Limitations & Future Work

  • Degradation Operator Requires per-task Search: The optimal choice between noise, blur, or JPEG depends on the dataset; a theoretical understanding of why certain degradations favor specific tasks is missing.
  • Manual Frequency Schedule: While the U-shape is derived from SNR observations, the exact peak positions and magnitudes still require tuning. An adaptive schedule might be superior.
  • Domain Scope: Only image translation and restoration were verified. Whether FMPG transfers to audio super-resolution or video bridges remains unexamined.
  • vs. CFG (Ho & Salimans, 2021): CFG enhances conditional alignment based on condition presence; PG enhances prior exploitation based on prior integrity. They are orthogonal on bridges.
  • vs.
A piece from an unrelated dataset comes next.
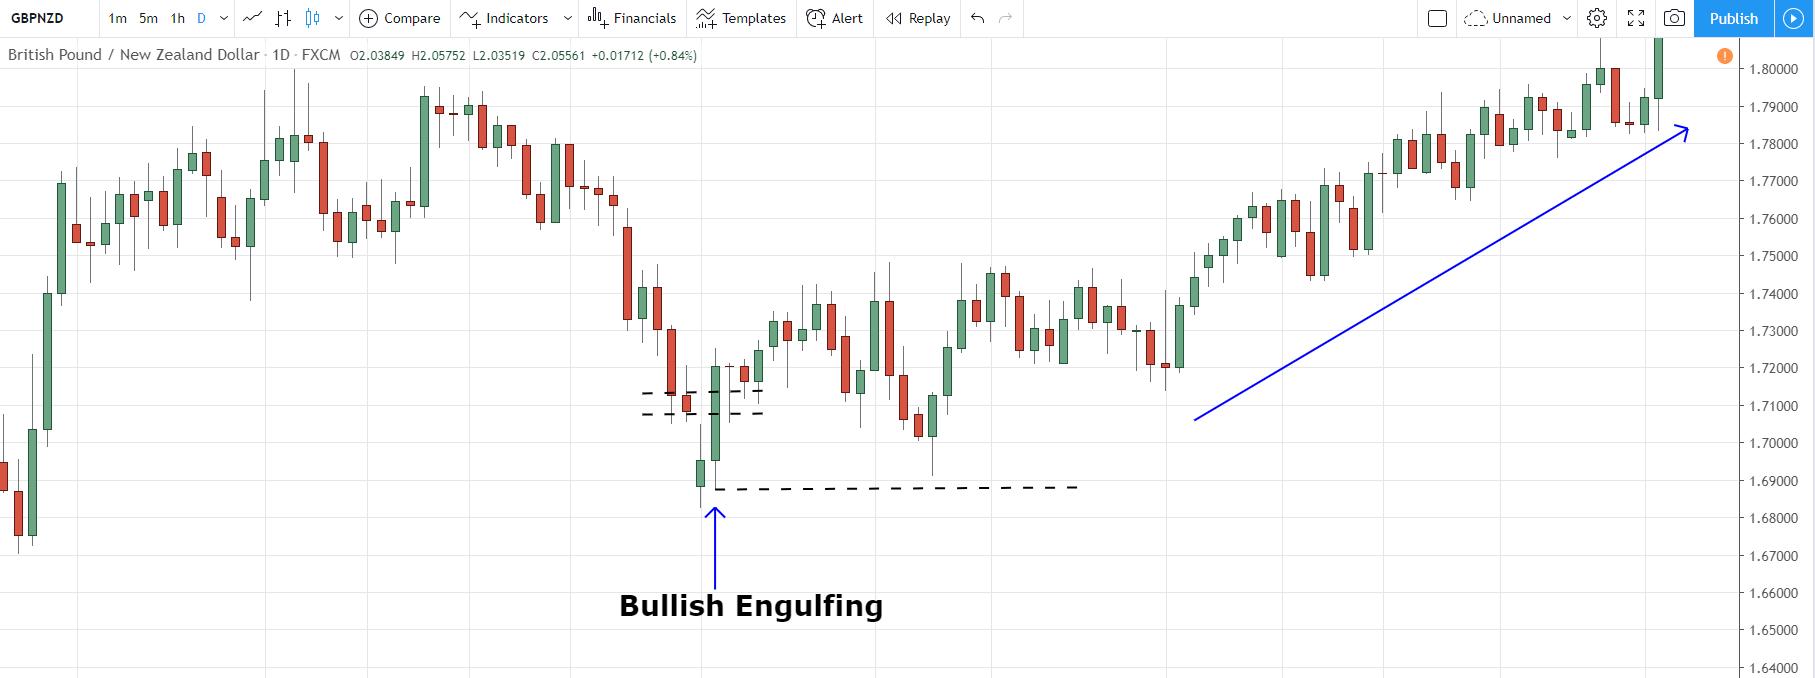 Bullish Engulfing GBPNZD Pattern

AG (Karras et al., 2024): AG requires an under-trained network; PG uses training-free degradation during inference, resulting in lower deployment costs and more direct alignment with bridge-specific prior exploitation.
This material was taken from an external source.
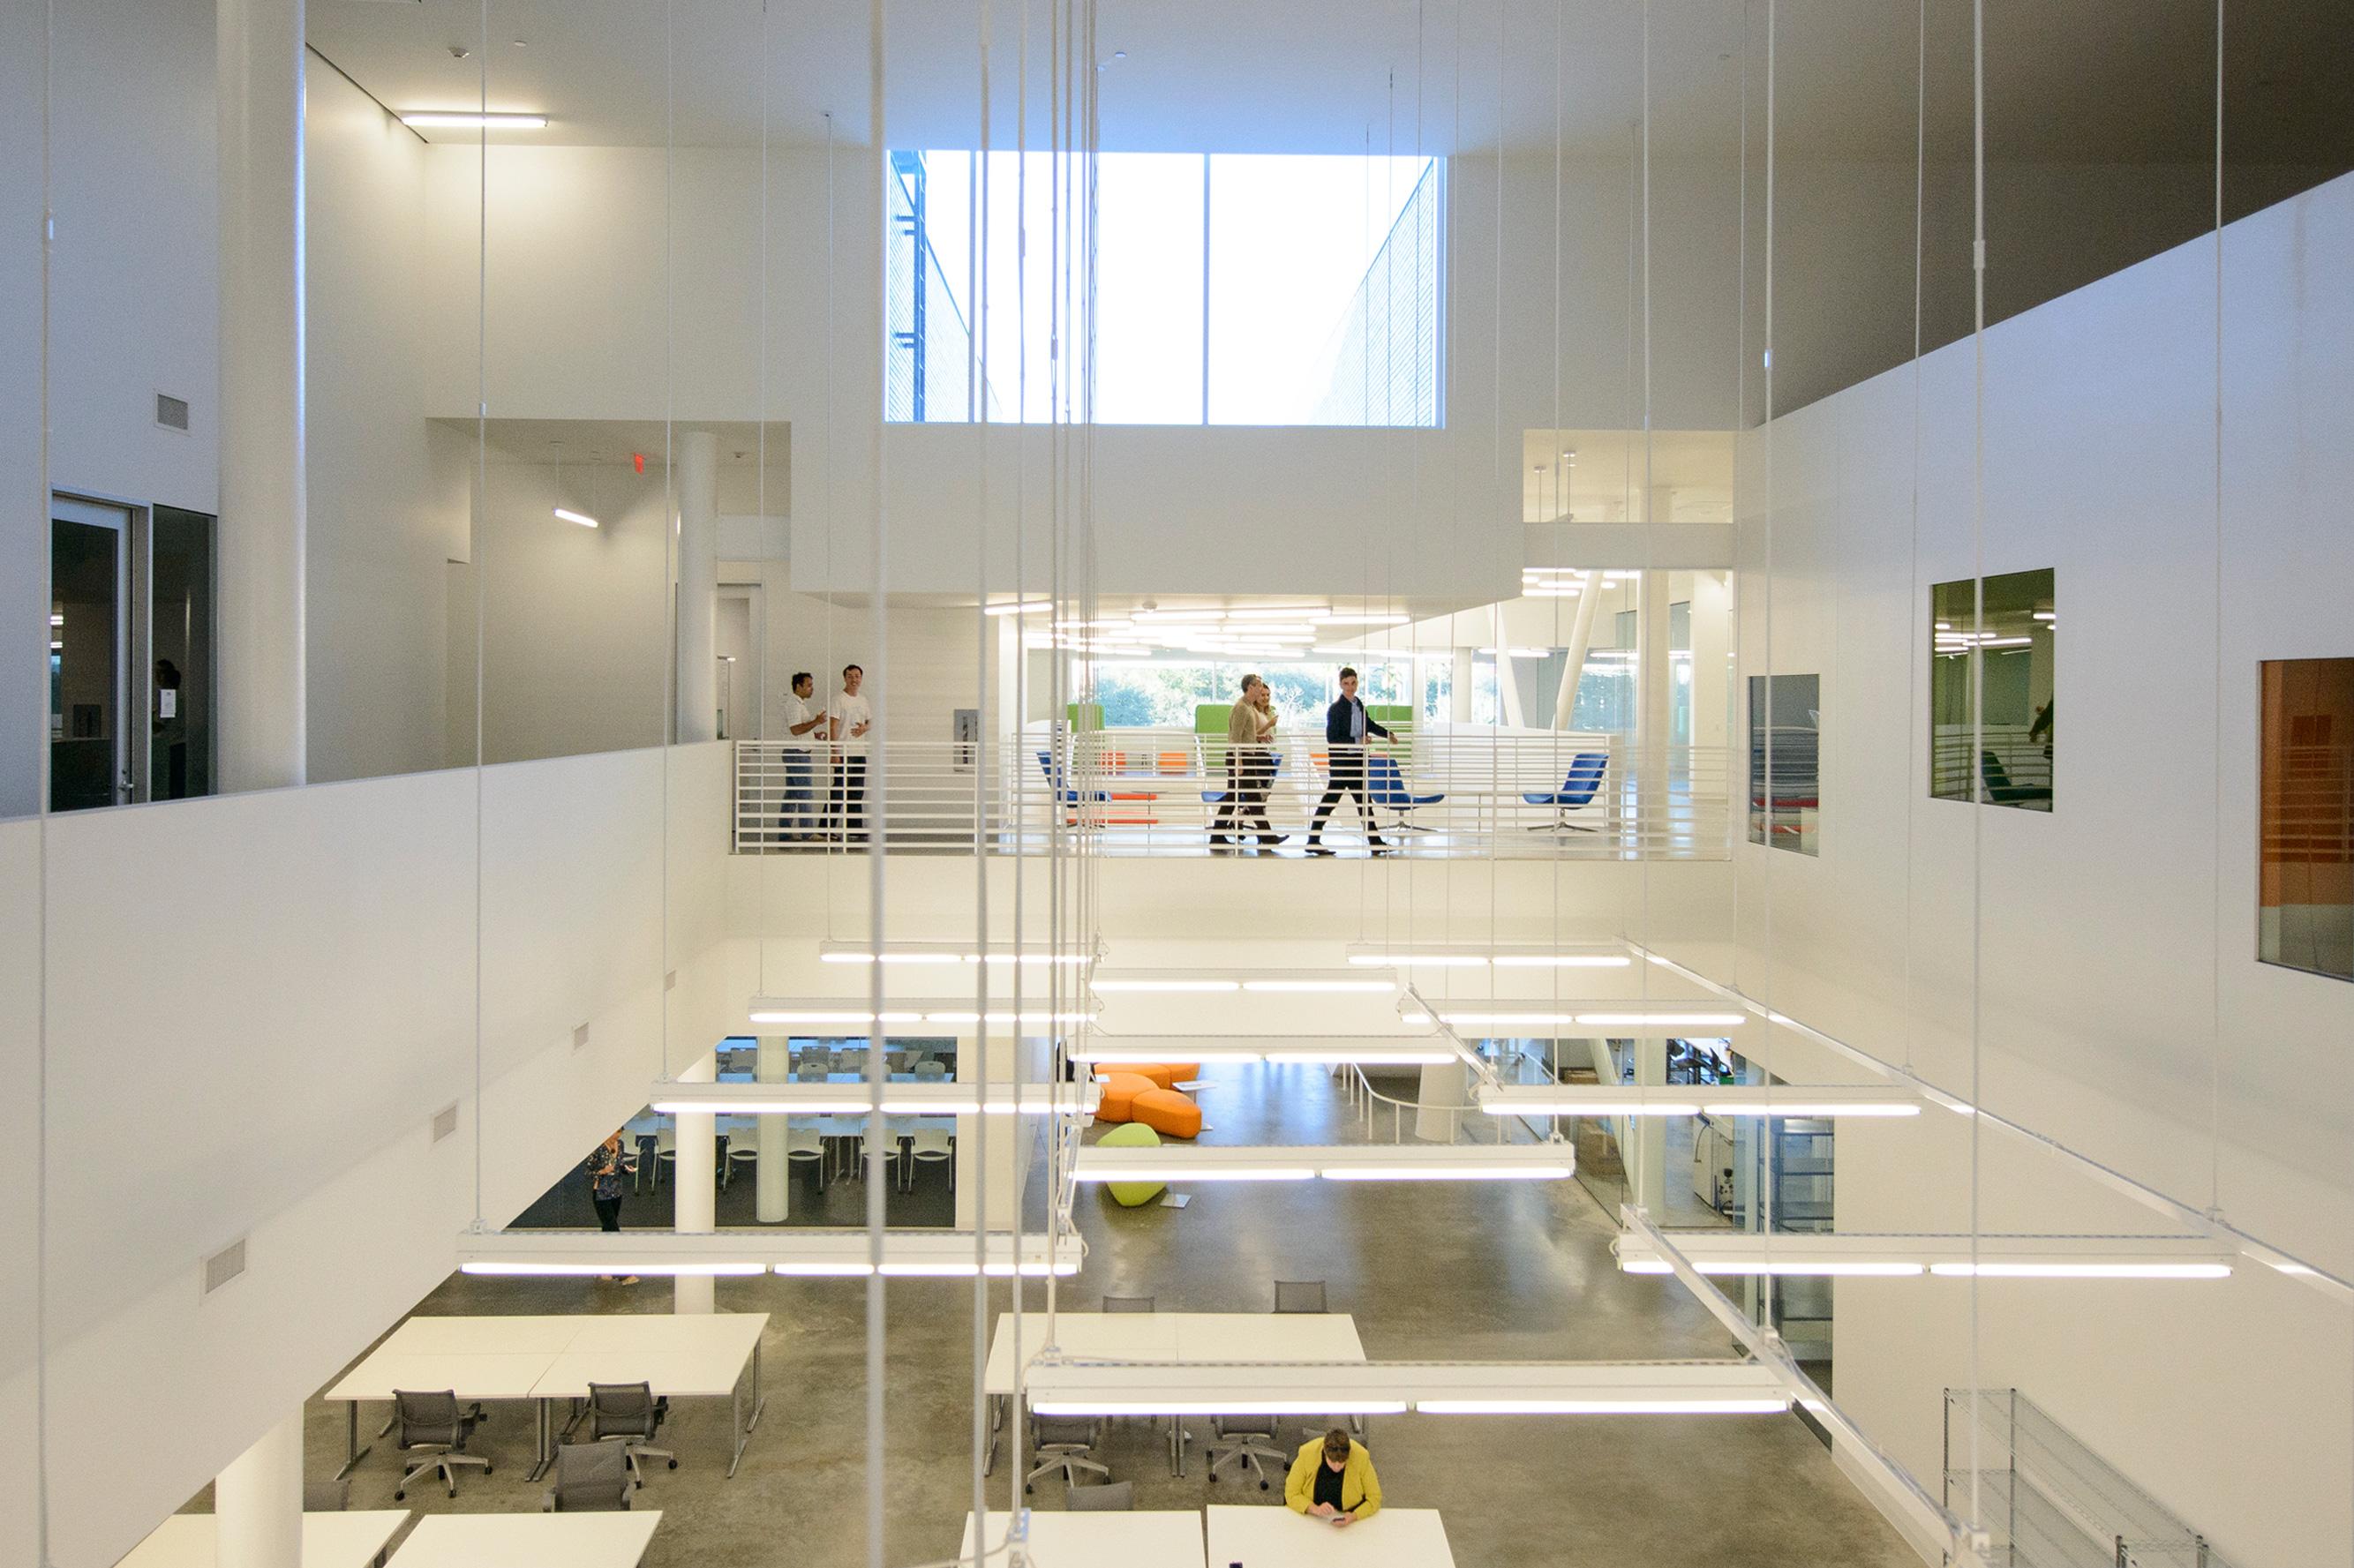 Rice University Moody Center for the Arts Michael Maltzan Architecture

  • vs. DDBM / DBIM (Zhou et al., 2024; Zheng et al., 2025): These provide bridge training and fast samplers. Ours serves as a universal enhancement plug-in that leaves their parameters untouched.
  • vs. ECSI (Zhang et al., 2025b): ECSI focuses on smarter sampling; PG/FMPG focuses on guidance. Theoretically, they can be combined to further reduce FID at low NFEs.

Rating

  • Novelty: ⭐⭐⭐⭐ Porting the "gap-creation" paradigm to bridges and encoding U-shaped SNR/frequency behavior into guidance is original.
  • Experimental Thoroughness: ⭐⭐⭐⭐ Covers two backbones and multiple tasks across various NFEs, though migration to audio/video is missing.
  • Writing Quality: ⭐⭐⭐⭐ Clear unified perspective on guidance types; effective frequency domain analysis and SNR visualizations.
  • Value: ⭐⭐⭐⭐ A truly training-free, NFE-neutral plug-in that provides direct value to image translation/restoration tasks using bridge models.